- Central District (Bashagard County) Location within Iran
- Coordinates: 26°20′54″N 57°45′24″E﻿ / ﻿26.34833°N 57.75667°E
- Country: Iran
- Province: Hormozgan
- County: Bashagard
- Capital: Sardasht

Population (2016)
- • Total: 13,676
- Time zone: UTC+3:30 (IRST)

= Central District (Bashagard County) =

District in Hormozgan province, Iran

The Central District of Bashagard County (بخش مرکزی شهرستان بشاگرد) is in Hormozgan province, Iran.

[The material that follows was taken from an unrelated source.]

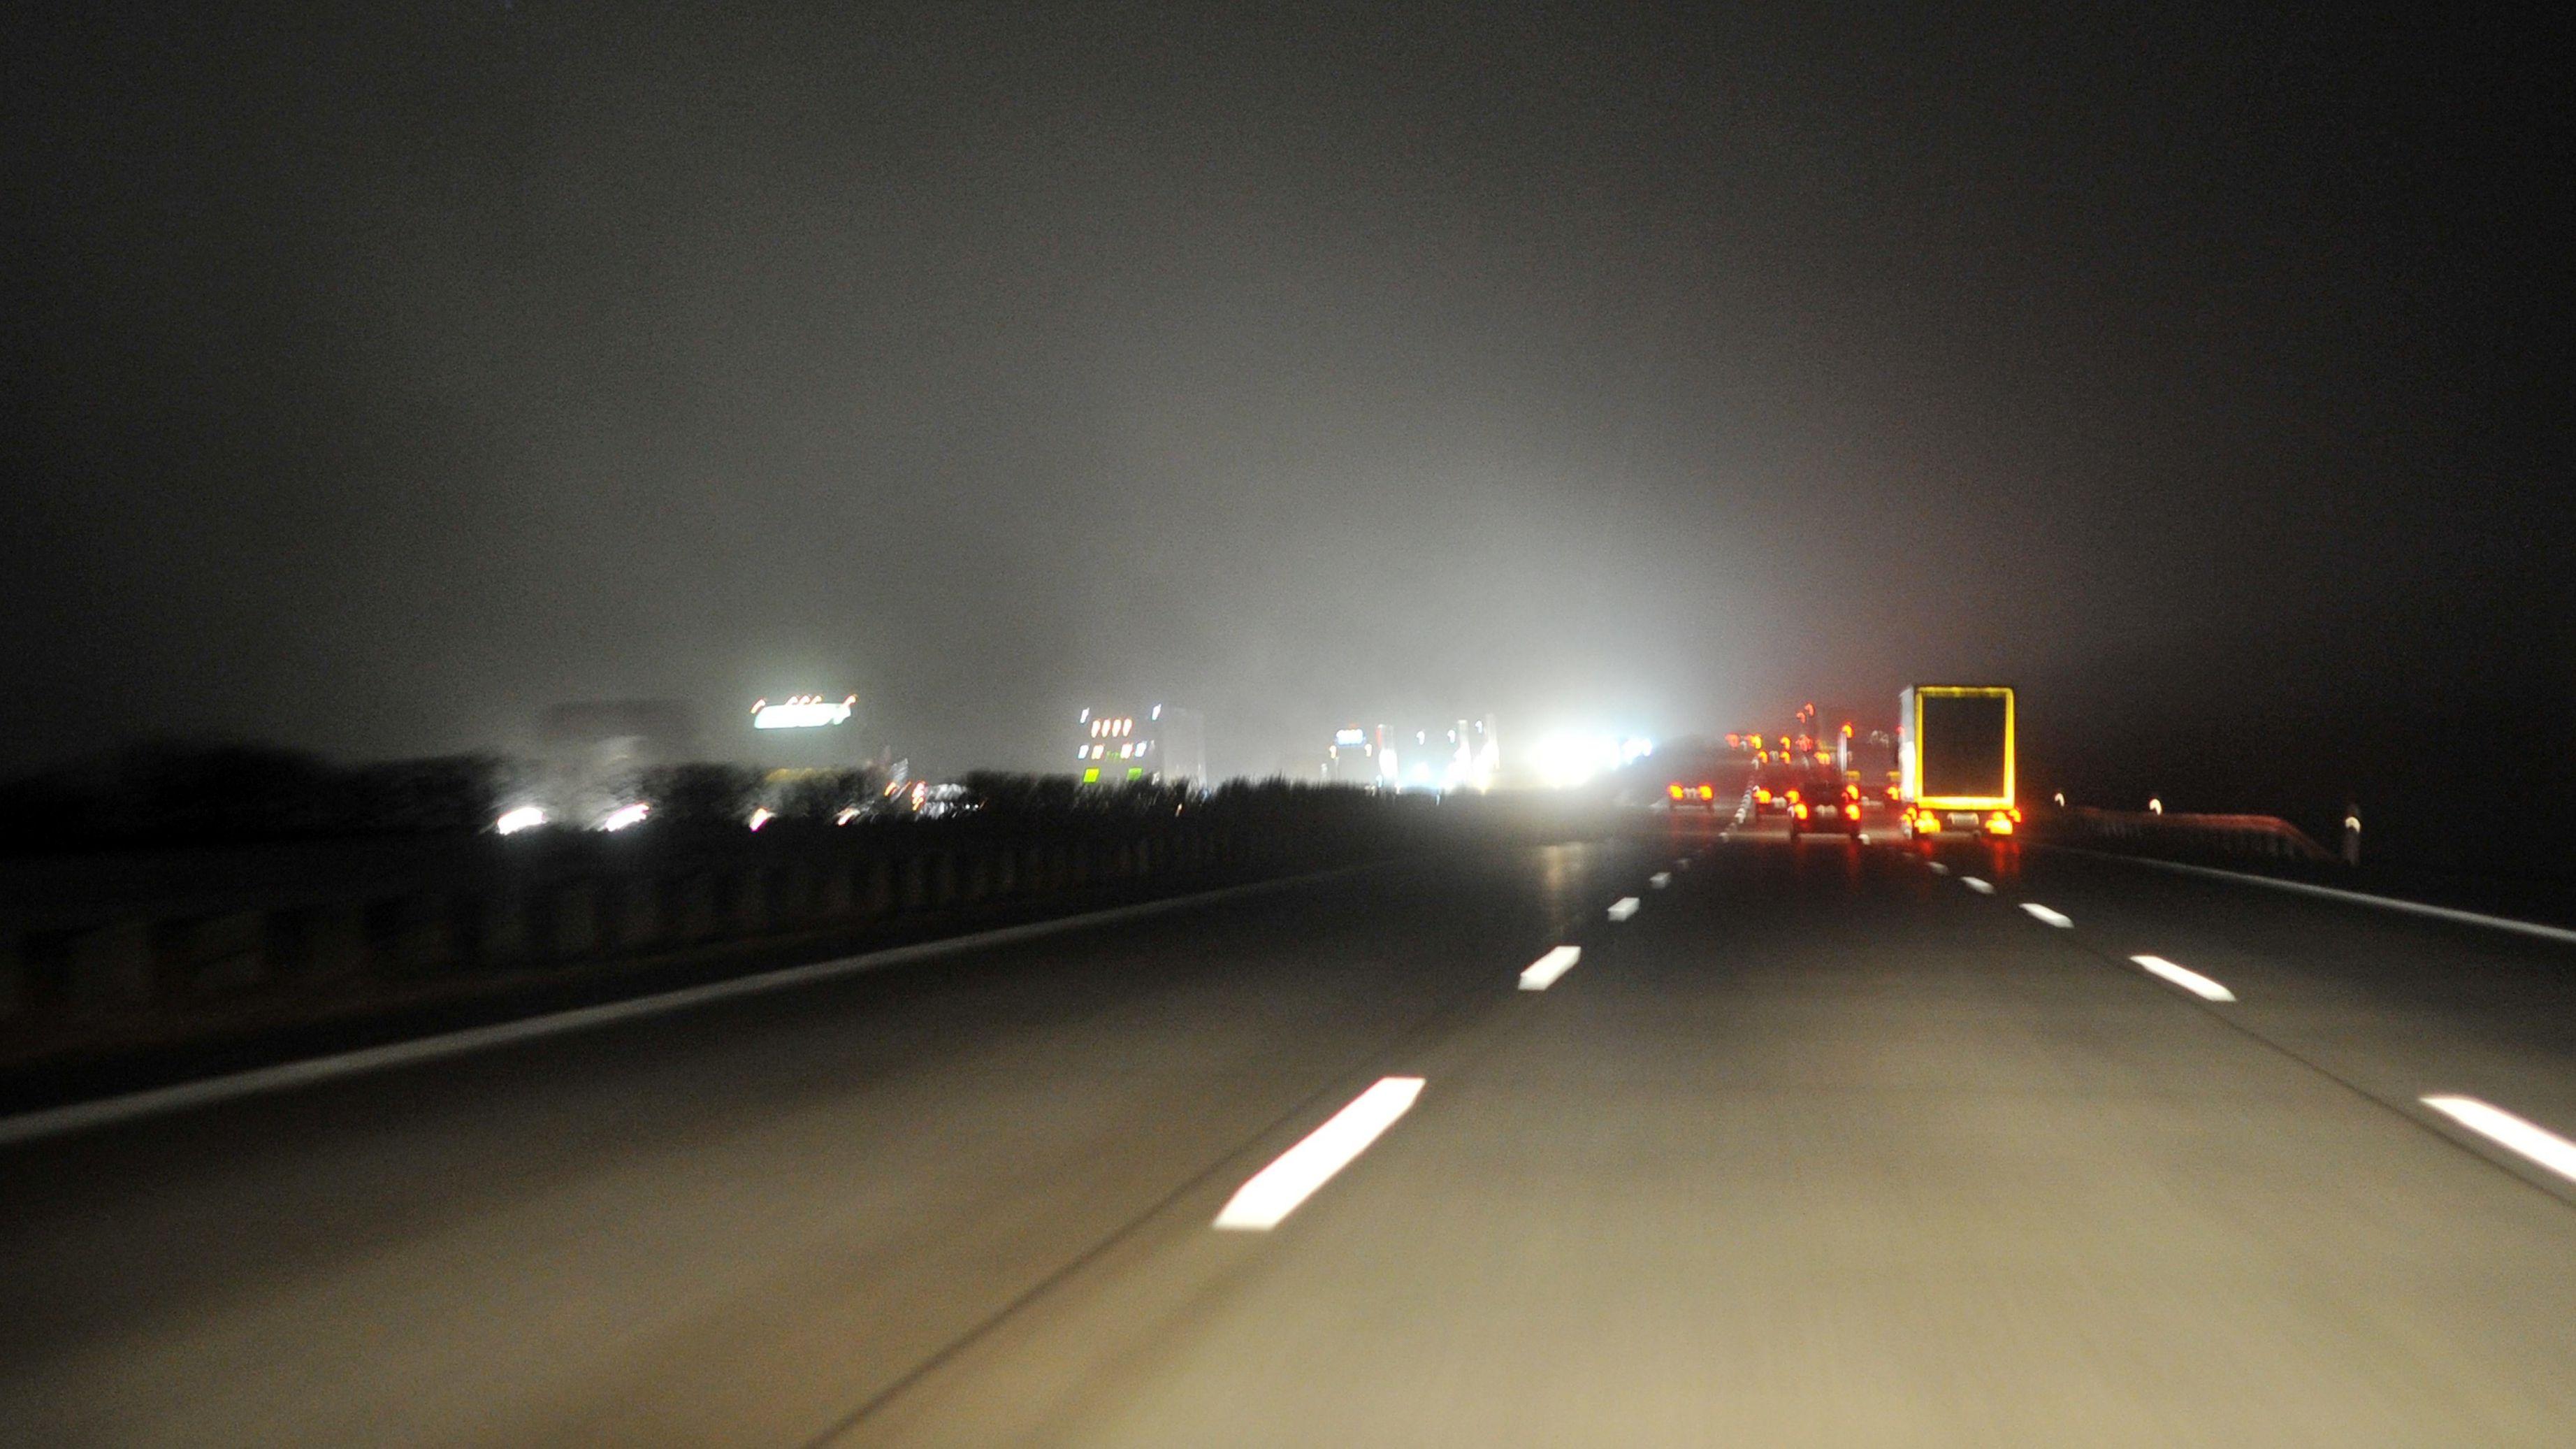 Nächtlicher Verkehr auf der Autobahn: Derzeit sind viel weniger Autos unterwegs.

Its capital is the city of Sardasht.

==History==
After the 2006 National Census, Bashagard District was separated from Jask County in the establishment of Bashagard County, which was divided into three districts of two rural districts each, with Sardasht as its capital.

==Demographics==
===Population===
At the time of the 2011 census, the district's population was 15,041 people in 3,593 households. The 2016 census measured the population of the district as 13,676 inhabitants in 3,623 households.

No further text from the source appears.